I would encourage you to do your own research on exercises and what you need to work on, reps, sets etc. Firstly you don’t want to get injured repeatedly doing exercises with incorrect form. From my experience the worst injuries are chronic soft tissue injuries that persist for a while due to misuse. So doing some research on correct form will reward you in spades through avoided injuries (Make or Break by Dave MacLeod is a good read for this). So here’s a list of exercises that keep me occupied when I’m home:
Lower body:
- Balance exercises, eg. shutting your eyes on one foot, you can easily progress this.
- Ankle strengthening with resistance bands
- Single leg squats, with the other leg behind you on a chair or something. Probs wouldn’t recommend jumping straight to pistol squats unless you have good knees.
- Hip mobility stretches
Core:
- Join in the club cult core sessions
- If you get sick of core endurance maybe shift to core strengthening exercises that are a bit more climbing specific…
Upper body (shoulders):
- External rotations with resistance bands, for those rotator cuff muscles.
- Focusing on hanging right
- I like the exercises in this video as well
- Various stretches to open up the shoulders from all that pulling
- In climbing we pull, maybe some push-ups to balance things (guilty of not doing these, but probs a good idea)
Lower arms:
- Rice bucket exercises. These are great for wrist strengthening and finger extension. I was cheap and lived near the beach so I used sand which is much more viscous than rice but also does the trick. In corona times coming by rice at the supermarket or finding an open beach is probably more challenging haha.
- Finger training: hangboarding etc. When I couldn’t use my middle finger or for pulley injuries, half crimping individual fingers with hanging weights worked well.

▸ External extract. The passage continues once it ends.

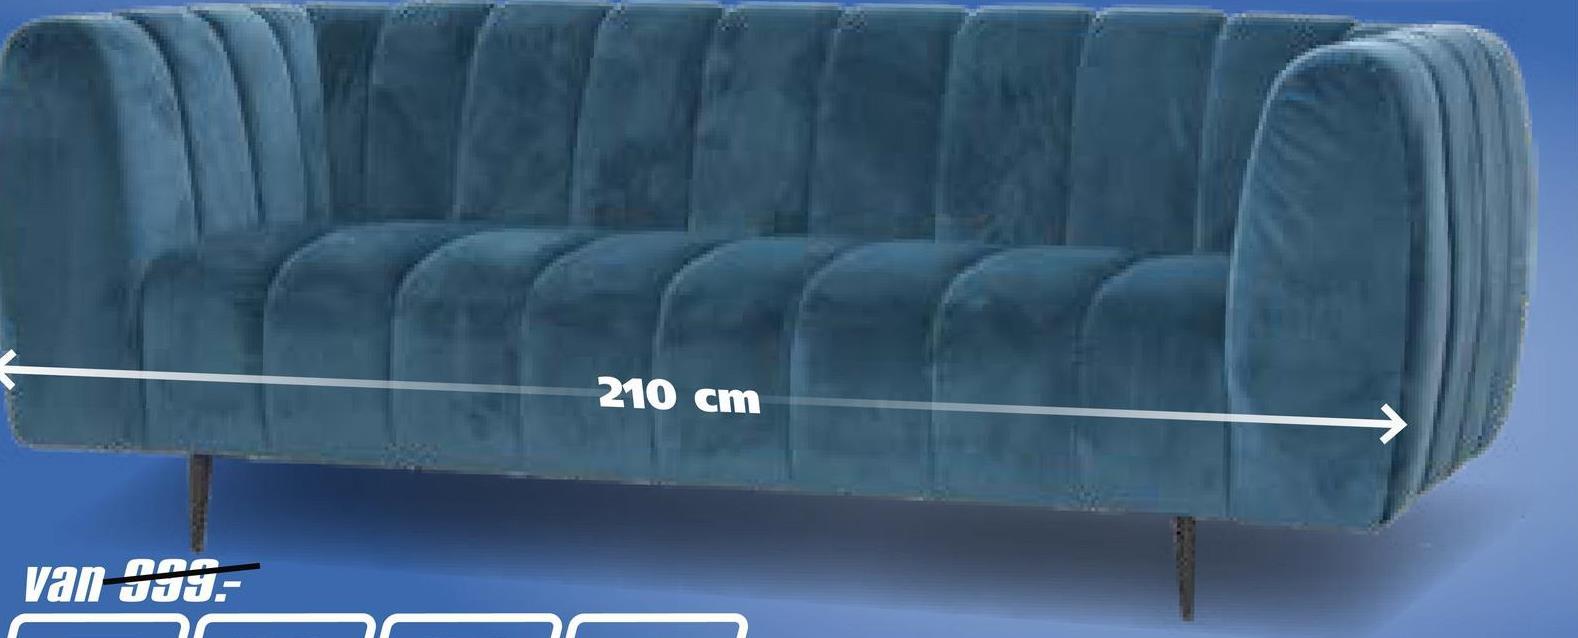 210 cm van 933-

I’d be interested in whatever exercises or activities you’re doing at this time, chuck them in the comments on fb 🙂 . The Club has also got a bunch of activities to keep ourselves occupied for the next while.
Also here’s a list of good activities some peer reviewers have suggested:
- Cleaning your cams
- Cleaning/marking your gear
- Going through old photos
- Patching up your holey clothes
- Making a rope mat from that old manky rope
- Get an irreversible hair cut
- Writing a blog post to get all this junk out of your head.